For a technical explanation of the Gödel’s Incompleteness Theorem, please refer to this article by Jørgen Veisdal.
Modern Views
One suspects that most professional mathematicians go about their daily work without becoming mired in philosophical meta-discussions of their favorite subject. As Philip Davis and Reuben Hersch say in The Mathematical Experience, “the typical mathematician is a Platonist on weekdays and a formalist on Sundays.”
Some twentieth century mathematicians did indeed have strong views in one camp or the other. For instance, G. H. Hardy gives a strong Platonist persective in his A Mathematician’s Apology, whereas Edward Kasner and James Newman describe the opposite Formalist view in Mathematics and the Imagination.
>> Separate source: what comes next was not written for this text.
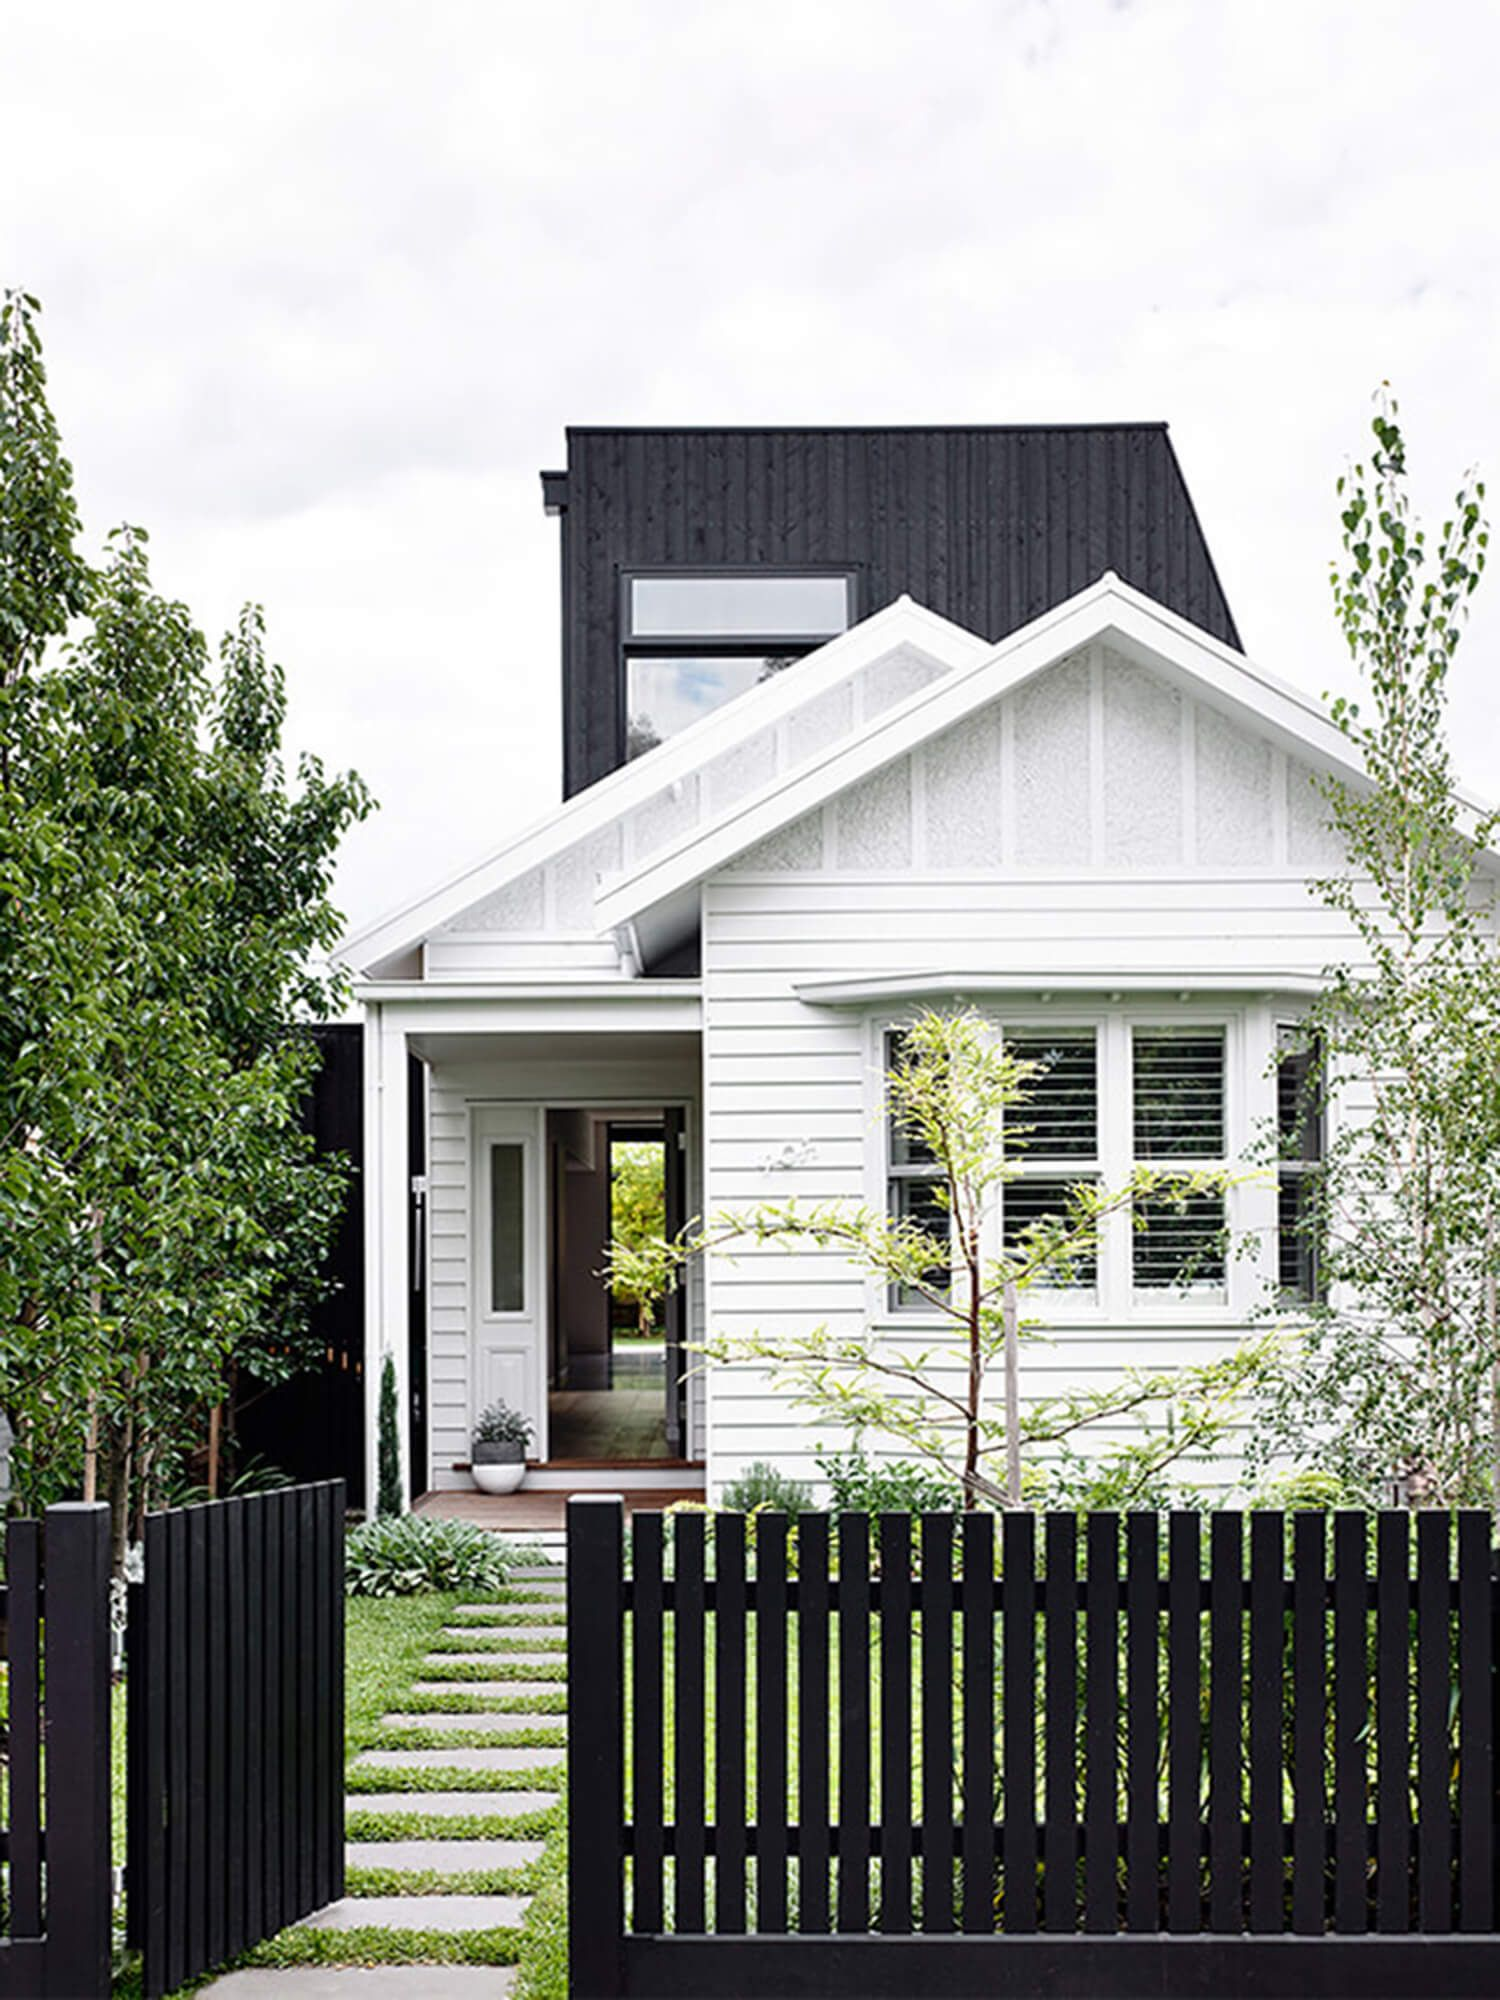 Exterior | Northcote House by Heartly Design | est living ...

On the Platonist side, some people believe that mathematics exists not in some kind of metaphysical realm, but is baked into the physical world. For instance, Max Tegmark, the MIT astrophysicist, takes the view that “our universe is not just described by mathematics — it is mathematics.” He argues that external physical reality exists independently of humans, then examines what the nature of the “theory of everything” of such a reality, states that such a description must be free of any human “baggage” (such as language), then concludes that such a final theory cannot consist of any human constructs, and therefore the only possible description of the cosmos is one that only involves abstract concepts and their relations, i.e., mathematics. Livio fails to be impressed by this chain of reasoning, claiming that Tegmark in effect assumes his conclusion.
Livio also mentions a number of neuroscientists, such as Jean-Pierre Changeux, and Lakoff and Núñez, that take the view that mathematics is a human construction of the human brain.
So what does the author think? Livio concludes the book by stating that the question of whether mathematics is invented or discovered is misleading, since it implies that mathematics must be either one or the other. His view is that mathematics is both invented and discovered. The mathematical concepts and definitions are invented, whereas the logical consequences of these concepts are discovered.
Conclusion
In this article, I’ve necessarily given you only the highlights of the book. I have skipped over much of the biographical material and the more technical aspects of the debates, which are well worth delving into. I encourage you to read it for yourself. Enjoy!